Embedded documents become more relevant for cases that aren't many-to-many like this.
Coming from a HBase/BigTable point of view, typically you would completely denormalize your data, and use a "list" field, or multidimensional map column (see this link for a better description).
The word "column" is another loaded
word like "table" and "base" which
carries the emotional baggage of years
of RDBMS experience.
Instead, I find it easier to think
about this like a multidimensional map
- a map of maps if you will.
For your example for a many-to-many relationship, you can still create two tables, and use your multidimenstional map column to hold the relationship between the tables.
See the FAQ question 20 in the Hadoop/HBase FAQ:
Q:[Michael Dagaev] How would you
design an Hbase table for many-to-many
association between two entities, for
example Student and Course?
I would
define two tables: Student: student
id student data (name, address, ...)
courses (use course ids as column
qualifiers here) Course: course id
course data (name, syllabus, ...)
students (use student ids as column
qualifiers here) Does it make sense?
A[Jonathan Gray] : Your design does
make sense. As you said, you'd
probably have two column-families in
each of the Student and Course tables.
One for the data, another with a
column per student or course. For
example, a student row might look
like: Student : id/row/key = 1001
data:name = Student Name data:address
= 123 ABC St courses:2001 = (If you need more information about this
association, for example, if they are
on the waiting list) courses:2002 =
... This schema gives you fast access
to the queries, show all classes for a
student (student table, courses
family), or all students for a class
(courses table, students family).
In relational database, the concept is very clear: one table for cars with columns like "car_id, car_type, car_name, car_price", and another table for shops with columns "shop_id, car_id, shop_name, sale_count", the "car_id" links the two table together for data Ops. All the columns must well defined in creating the database.

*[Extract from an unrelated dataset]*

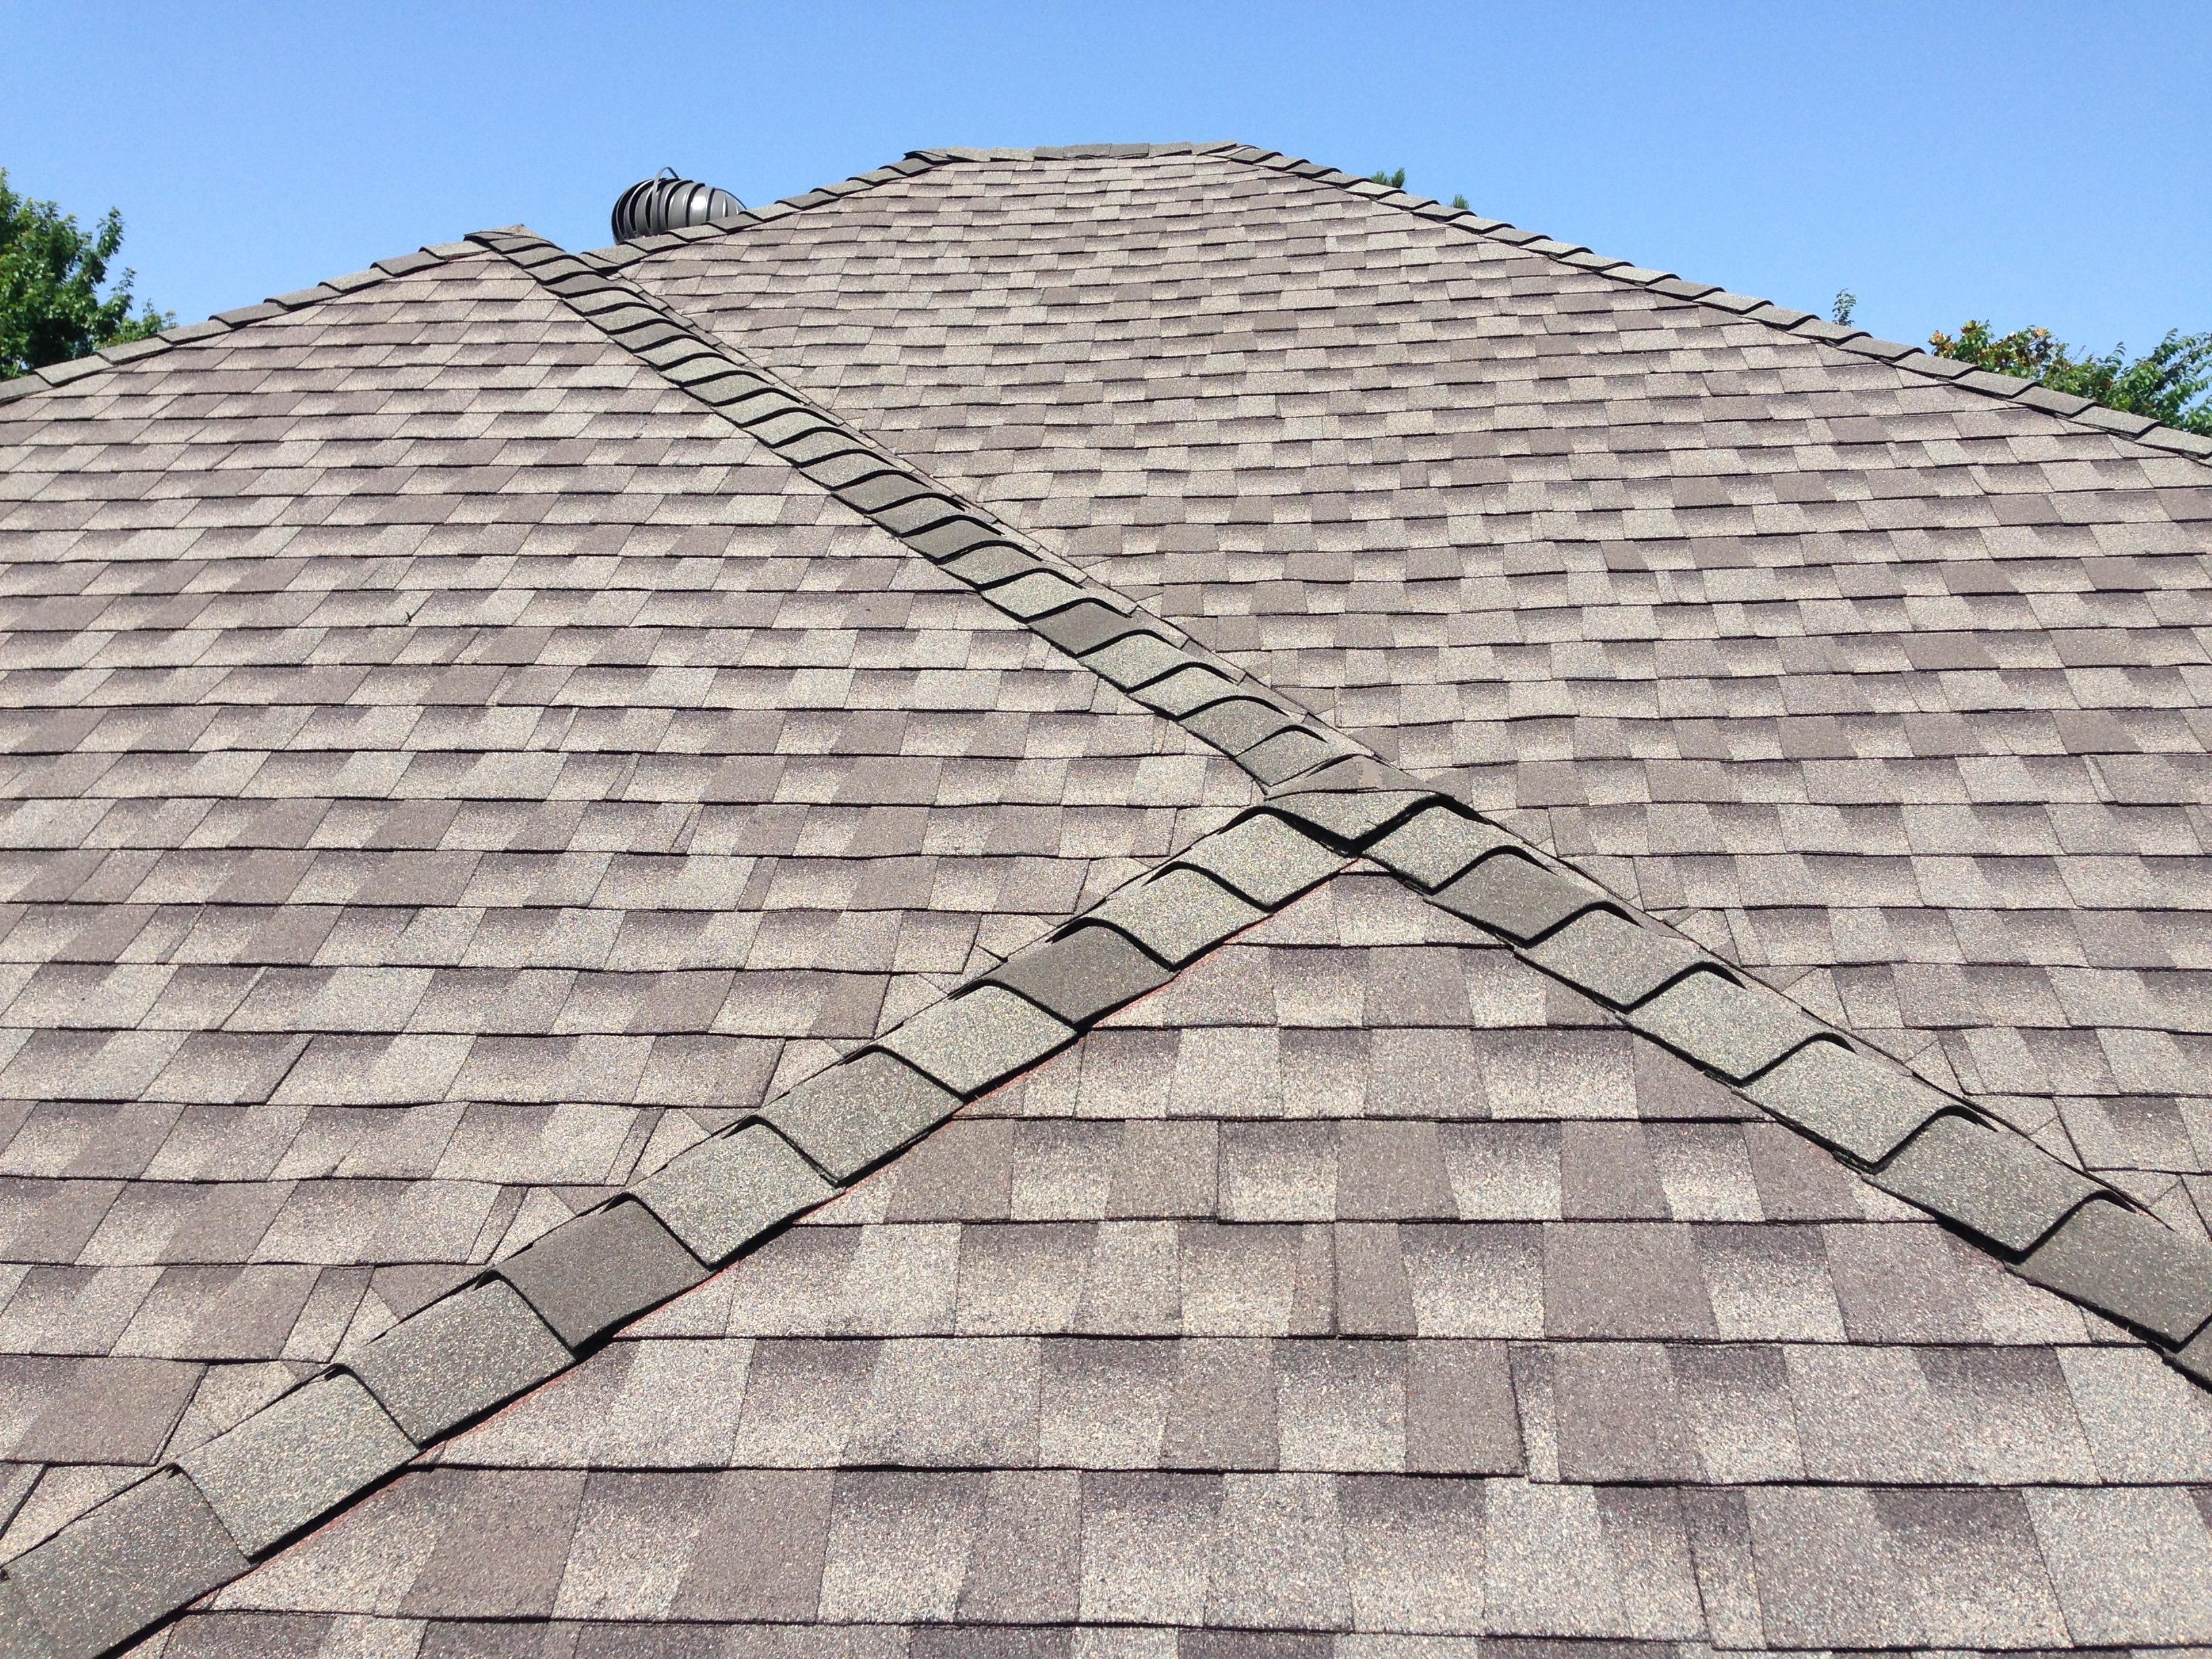 Texan Roofing image 2

No SQL database systems do not require you pre-define these columns and tables. You just construct your records in a certain format, say JSon, like:
"{car:[id:1, type:auto, name:ford], shop:[id:100, name:some_shop]}",
"{car:[id:2, type:auto, name:benz], shop:[id:105, name:my_shop]}",
.....
After your system is on-line providing service for your management, you may find there are some flaws in your design of db structure, you hope to add one column "employee" of "shop" for your future records. Then your new records coming is as:
"{car:[id:3, type:auto, name:RR], shop:[id:108, name:other_shop, employee:Bill]}",
No SQL systems allow you to do so, but relational database is impossible for this job.